Histidine decarboxylase (Hdc) is responsible for histamine formation in living organisms. Although histamine produces many physiological effects in animals (e.g. vasodilation, hypotension, HC1 secretion and gastric ulcer formation, anaphylaxis, allergic effects, etc.), Hdc has been studied in pure form only recently. Studies have shown that two classes of Hdc enzymes exist. One class, present in Gram-positive bacteria, (e.g. Lactobacillus sp.) has a catalytically-essential pyruvoyl residue at the active site and no pyridoxal 5'-phosphate (PLP). In the other class, found in Gram-negative bacteria (e.g. Morganella AM-15) and animals, PLP is the essential cofactor. Amino acid sequences of a single Hdc from each class are known; they are not homologous and the quaternary structures are very different. Our specific goals, all of which are aimed at determining the detailed reaction mechanisms of these enzymes, are: (1) Obtain expression of the hdc gene from Morganella in E. coli and develop procedures for purification of the expressed protein in convenient amounts for covalent modification procedures and for crystallization. If the latter is achieved, a collaborating crystallography group will study the 3-dimensional structure of the enzyme. (2) If (1) is successful, then, by use of synthetic mismatched probes and cloning techniques to obtain site-specific mutations in this hdc gene, isolate the resulting expressed Hdc's, and determine their properties to assist in judging the essentiality of specific amino acid residues that have been implicated in enzyme action by other data. These include lysine 232, which forms the azomethine link to PLP in the native enzyme; histidine 231, which precedes lysine in the PLP-binding site of Hdc, arginine decarboxylase, lysine decarboxylase and glutamic acid decarboxylase; serine 229, which also is invariant in the PLP-binding site of these enzymes; and serine 322, which is destroyed when the suicide inhibitor, yield-fluoromethylhistidine, acts on Hdc. Crystals of such modified enzymes, if obtained, will also be subjected to x-ray examination. (3) We will clone and sequence hdc genes from Clostridium perfringens and from Klebsiella pneumoniae. The encoded protein sequences will provide an independent approach to determining amino acid residues that must be conserved for activity of Class I and Class II Hdc's.

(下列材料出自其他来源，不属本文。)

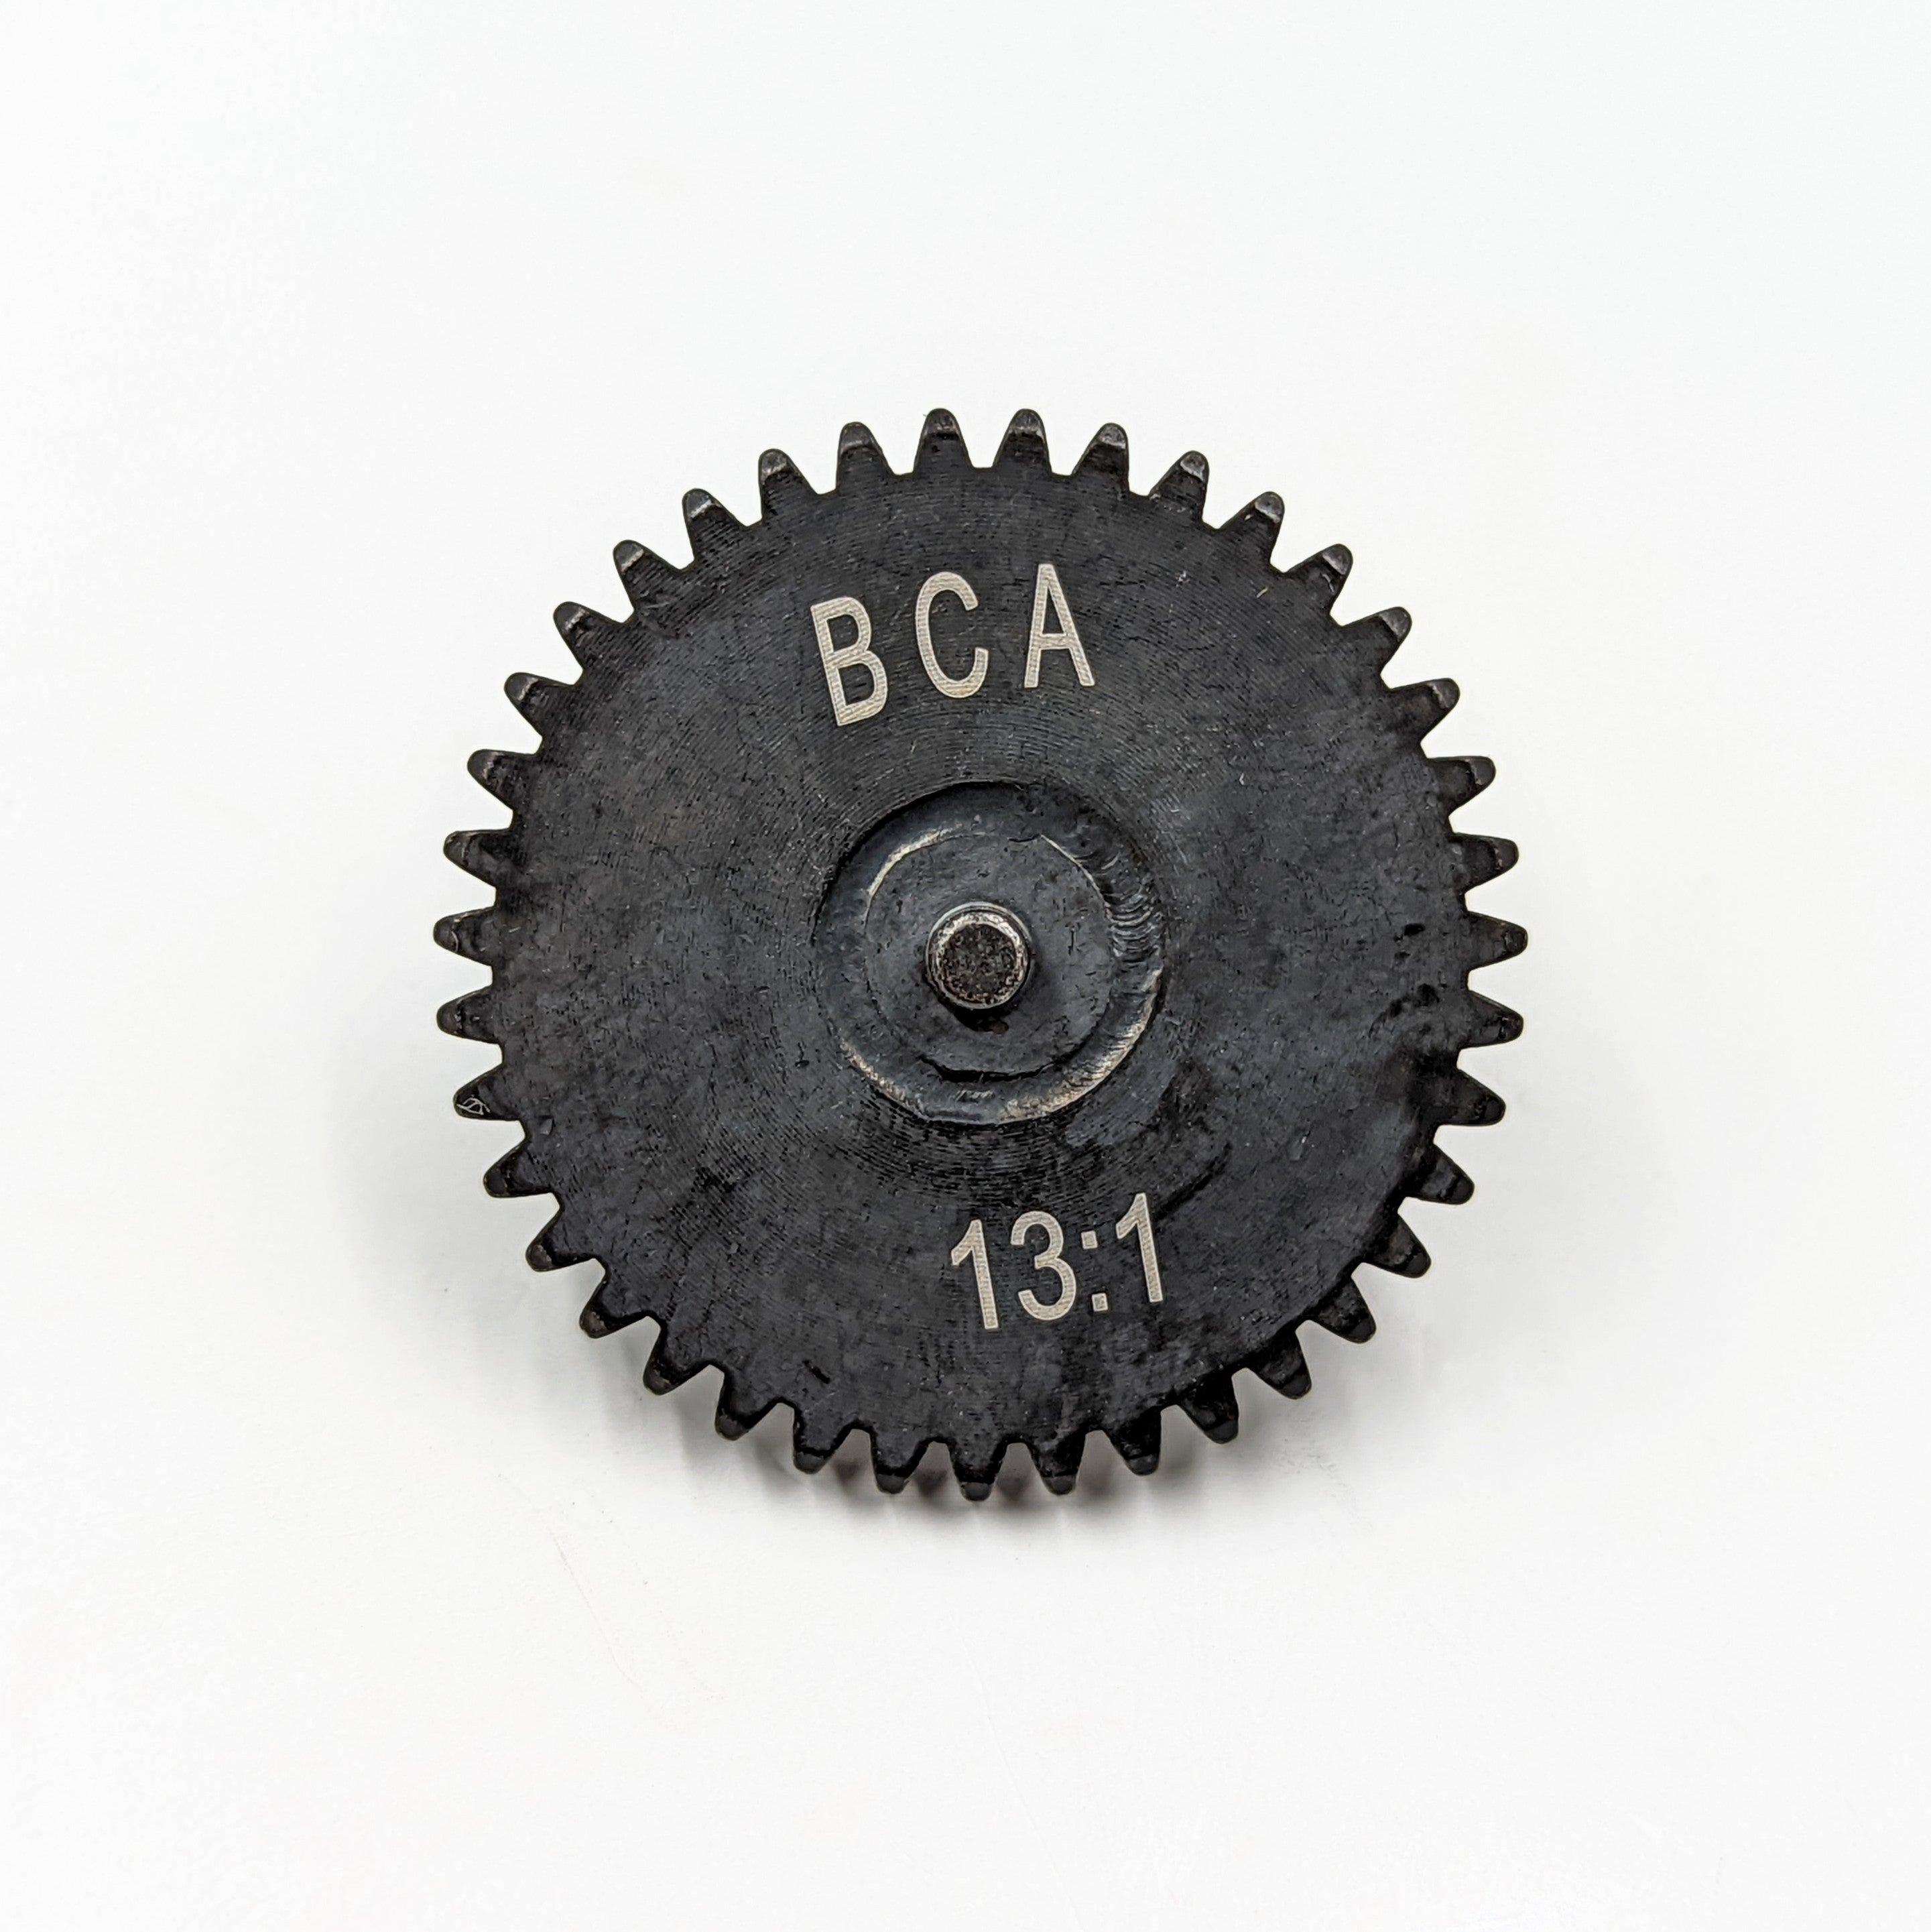 BCA Welded Steel AEG Gear Set (13:1 / 12:1)

组氨酸脱羧酶 (Hdc) 负责组胺的形成 活的有机体。 尽管组胺会产生许多生理效应 动物（例如血管舒张、低血压、HC1 分泌和胃溃疡） 的形成、过敏反应、过敏反应等），Hdc 已在 纯粹的形式只是最近才出现的。 研究表明，两类 Hdc 酶的存在。 一类存在于革兰氏阳性细菌中（例如 乳杆菌属 (Lactobacillus sp.) 在 活性位点且不含吡哆醛 5'-磷酸 (PLP)。 在其他班级，发现 在革兰氏阴性菌（例如摩根氏菌 AM-15）和动物中，PLP 是 必需的辅助因子。 每个类别的单个 Hdc 的氨基酸序列 是已知的；它们不是同源的，四级结构非常不同 不同的。 我们的具体目标，所有这些目标都是为了确定 这些酶的详细反应机制是： (1)获得摩根氏菌的hdc基因在大肠杆菌中的表达，并 开发方便的纯化表达蛋白的程序 共价修饰程序和结晶的量。 如果 后者实现后，一个合作晶体学小组将研究 酶的三维结构。 (2) 如果(1)成功，那么，通过使用合成的错配探针和 克隆技术以获得该 hdc 基因的位点特异性突变， 分离所得表达的 Hdc，并确定其特性 协助判断特定氨基酸残基的重要性 其他数据表明与酶的作用有关。 这些包括赖氨酸 232，与天然酶中的 PLP 形成偶氮甲碱连接；组氨酸 231，位于 Hdc、精氨酸的 PLP 结合位点赖氨酸之前 脱羧酶、赖氨酸脱羧酶和谷氨酸脱羧酶；丝氨酸 229，这些酶的 PLP 结合位点也是不变的；和 丝氨酸 322，当自杀抑制剂被破坏时， 产量-氟甲基组氨酸，作用于 Hdc。 这种改性的晶体 如果获得酶，也将接受 X 射线检查。 (3) 我们将克隆产气荚膜梭菌的hdc基因并测序 来自肺炎克雷伯菌。 编码的蛋白质序列将提供 确定必须的氨基酸残基的独立方法 保留 I 类和 II 类 Hdc 的活性。